Goat α-lactalbumin is 45% identical to hen egg-white lysozyme. Although it is possible to solve lysozyme using α-lactalbumin as a model, it is very difficult to refine the structure, partly because of model bias. Unfortunately, low solvent content of this crystal form limits the ability of density modification to remove the bias. However, one can use anomalous scattering from intrinsic sulfur atoms to improve phases dramatically. It is noteworthy that the anomalous signal from the sulfur atoms is not sufficient for ab initio phasing (it is not possible to locate the anomalous scatterers from the data alone).

1.     Solve the structure with the α-lactalbumin model. Follow the "Molecular replacement tutorial" if necessary.

2.     For a fairer comparison of phase quality, we will treat the molecular replacement solution as a source of experimental phase information. (If you use the "automated model building starting from PDB file" mode, the current version of ARP/wARP will be able to build the structure, but older versions coupled with older versions of Refmac5 failed.) Do a quick solvent flattening with Parrot (choose "Use PHI/FOM instead of HL coefficients" because the MTZ file produced after MR doesn't include Hendrickson-Lattman coefficients; set PHI=PHIC and FOM=FOM; select "Use map coefficients", then set F=FWT and PHI=PHWT).

3.     Start up ARP/wARP Classic in "automated model building starting from experimental phases" mode. Select the MTZ file from Parrot. To start from the Parrot map, select "Use a different (pre-weighted) Fobs for initial map calculation" under the ARP/wARP flow parameters folder, then set FBEST=parrot.F_phi.F, PHIB=parrot.F_phi.phi and FOM=Unassigned. Select the sequence file, and note there are 129 residues in lysozyme. To save time, do 3 cycles of autobuilding instead of 10.

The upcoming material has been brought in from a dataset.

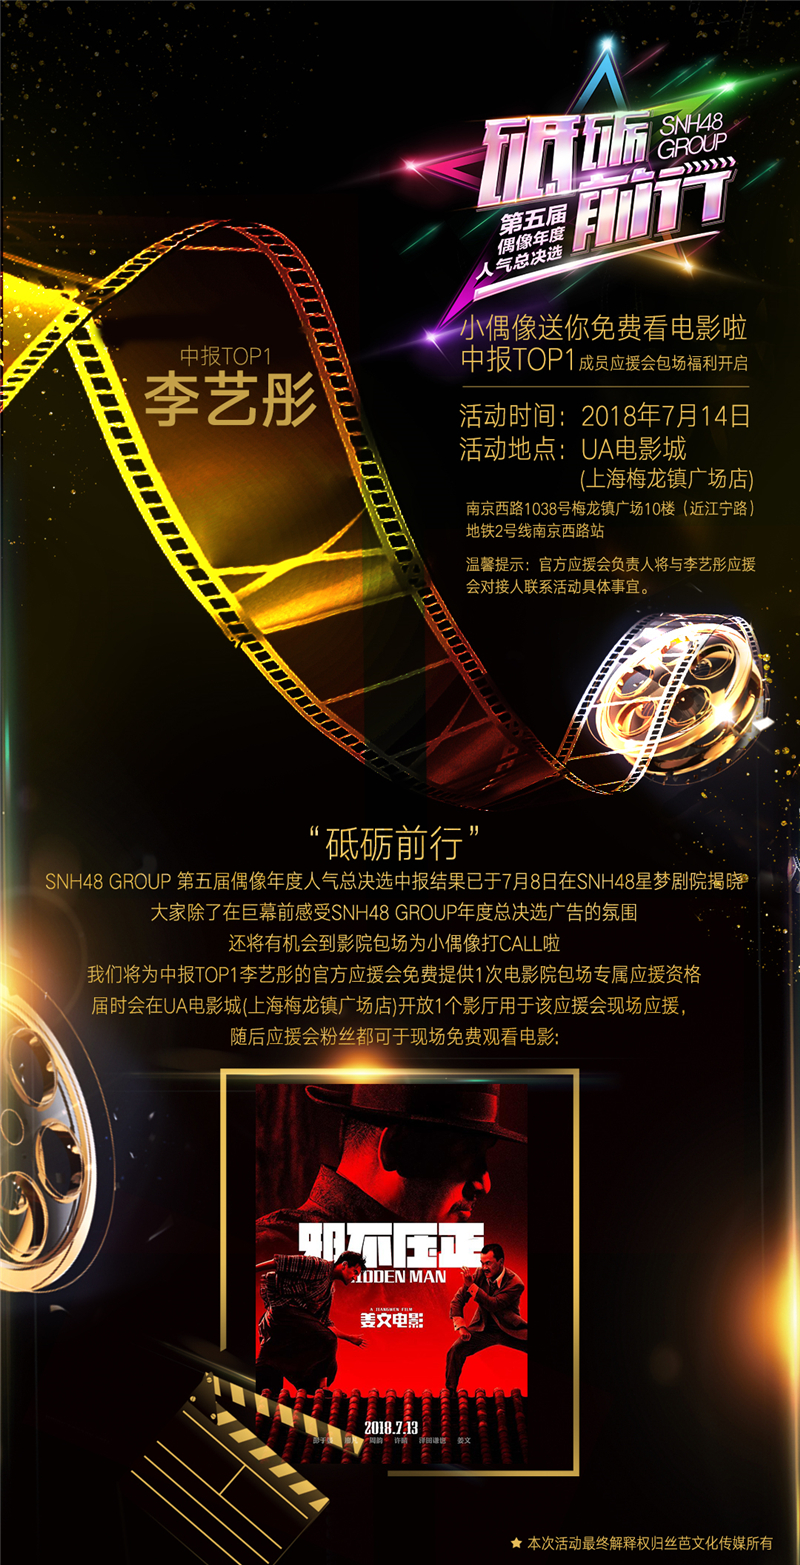 SNH48 GROUP 第五届偶像年度人气总决选中报单推王公布

4.     Now add the S-SAD phase information. Bring up the GUI for Phaser SAD pipeline in the Automated Search & Phasing section of the Experimental Phasing module

5.     All the yellow boxes need to be filled in.

      Set "Mode for experimental phasing" to SAD with molecular replacement partial structure.

      Uncheck the Parrot and Buccaneer steps of the pipeline (to allow control for better comparison with the MR model alone).

      Set LLG-map calculation atom type to S.

      Under the "Define atoms" heading, set "Partial structure" to the molecular replacement solution (output PDB-file) you have obtained in step 1.

6.     Run Phaser after you entered all the information.

7.     Solvent flatten with Parrot using a similar protocol to step 2. However, you should *not* choose "Use PHI/FOM instead of HL coefficients". Choose the HLanomA/B/C/D coefficients because these describe the phase information obtained only from the anomalous scattering information and not from the molecular replacement model; using HLA/B/C/D would include the model phase information, which would bias maps from subsequent cycles of phase improvement to look like the model.

8.     Run ARP/wARP using a similar protocol as in step 3, except you should open the Refmac parameters folder and choose the option to include HL phase restraints. In the MTZ data section, choose the HLanomA/B/C/D coefficients.

9.     How many anomalous scatterers has Phaser found? Check them against the model and guess what they may be! Why is it not important to specify the exact element type in this case?

10. If you did not know the correct space group (from the MR step), would you have to run Phaser SAD-phasing twice?

11. Compare the two ARP/wARP runs! Which one has built more residues?